§ Supplied material:
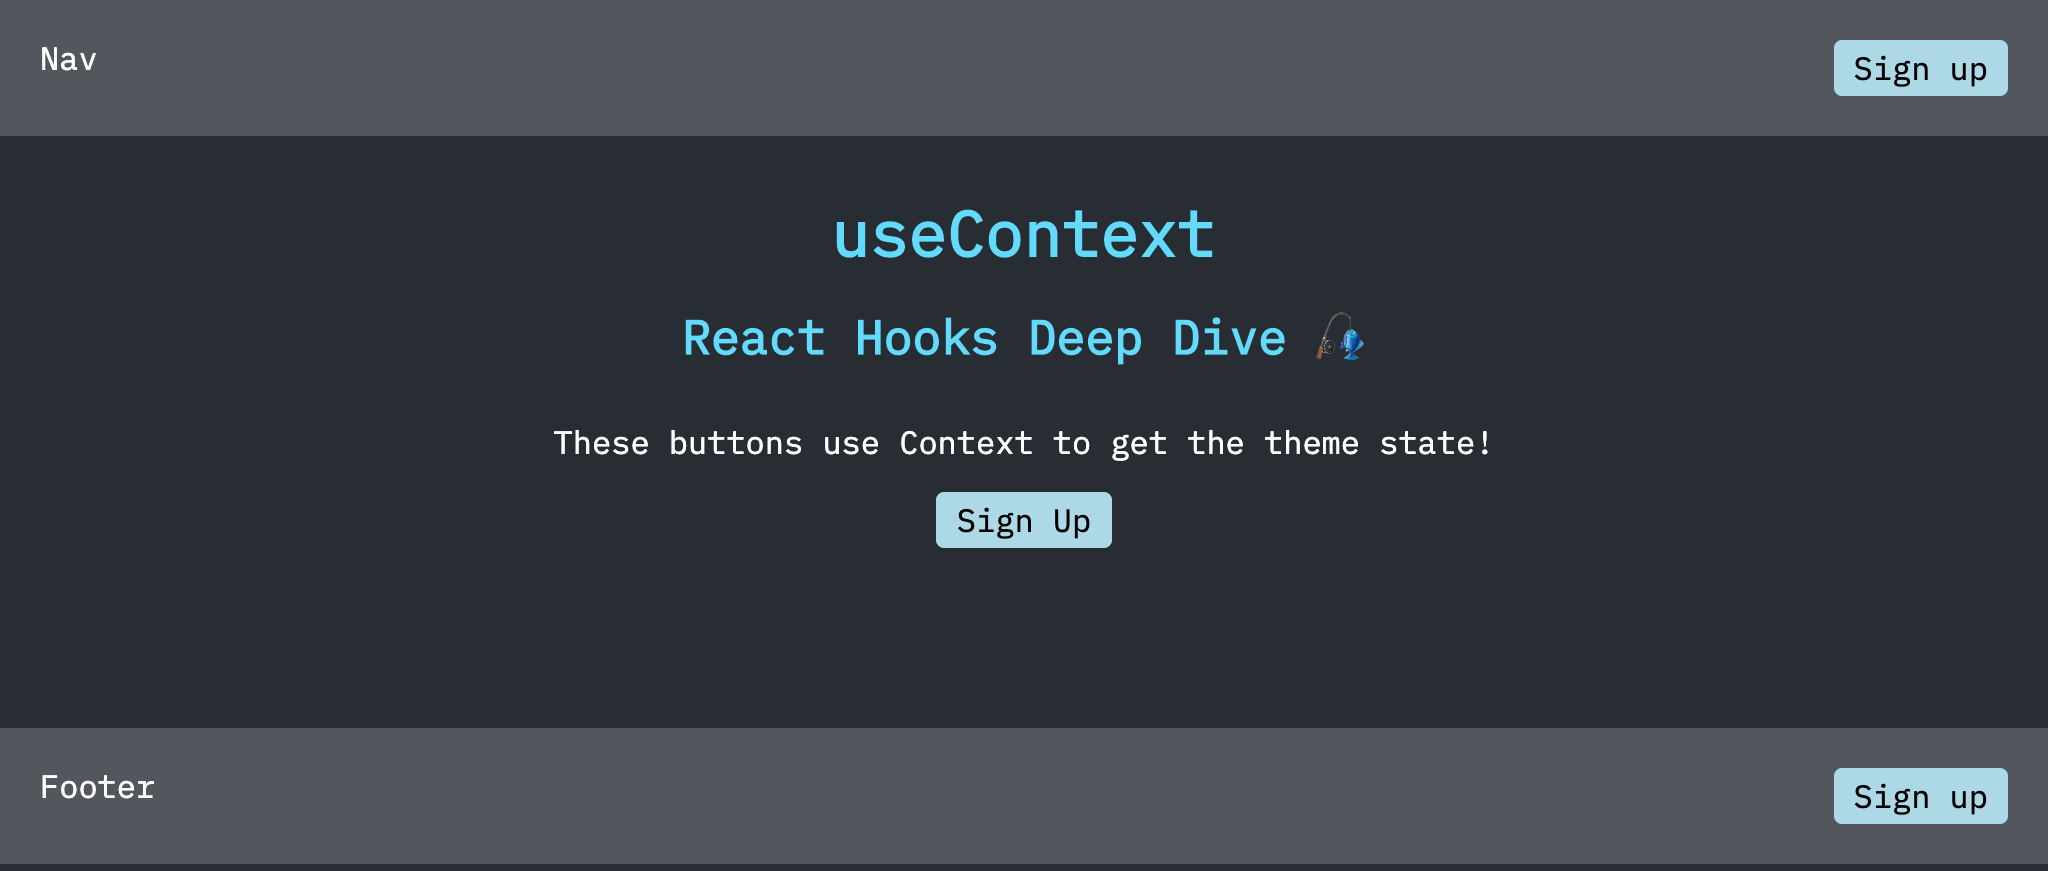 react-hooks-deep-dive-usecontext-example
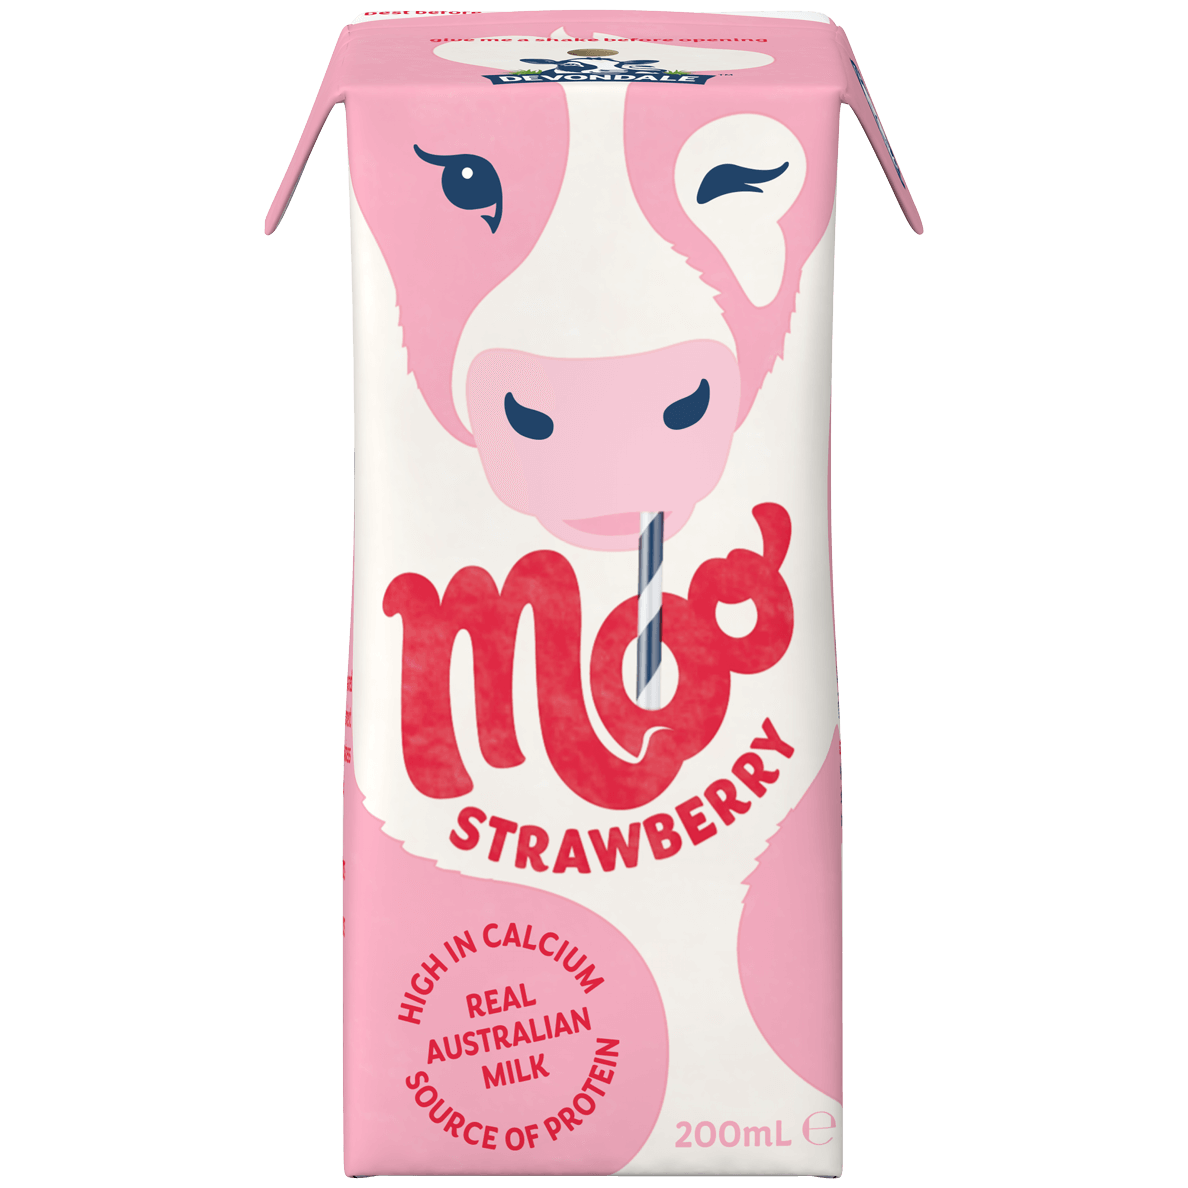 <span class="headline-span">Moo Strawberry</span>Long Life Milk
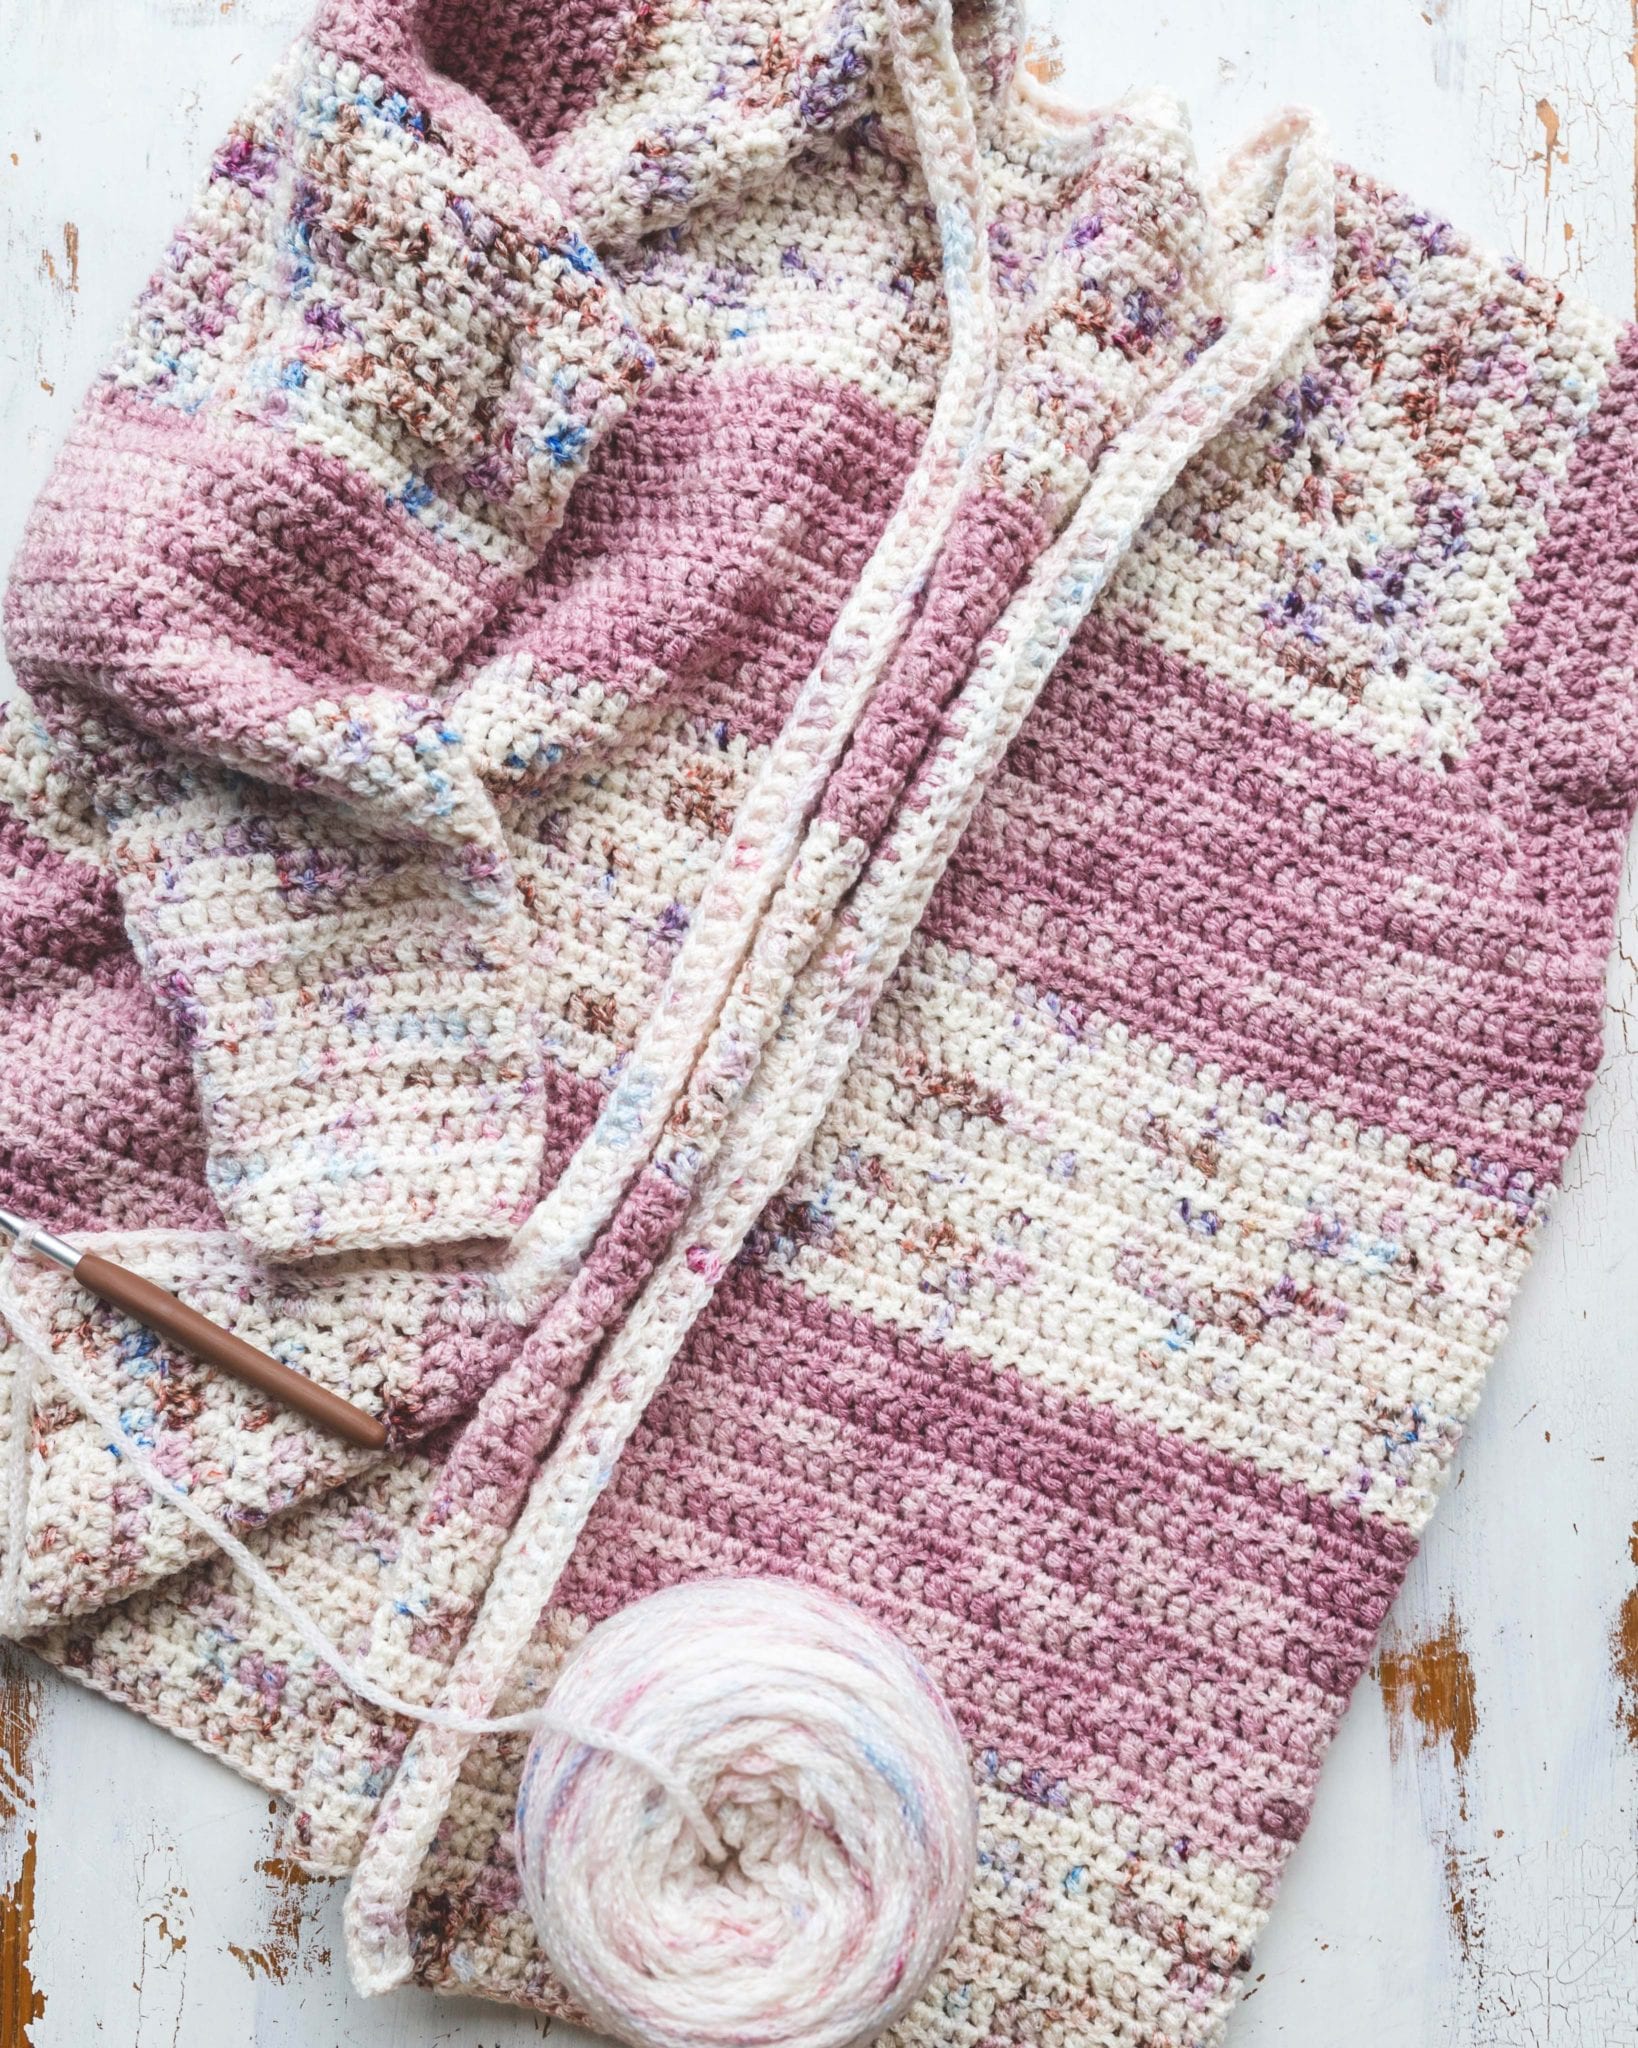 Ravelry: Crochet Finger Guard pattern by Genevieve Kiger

§ Task description: Please write out all of the data verbatim, with no pictures in the copy.

§ Exercise result:
 react-hooks-deep-dive-usecontext-example
 <span class="headline-span">Moo Strawberry</span>Long Life Milk
 Ravelry: Crochet Finger Guard pattern by Genevieve Kiger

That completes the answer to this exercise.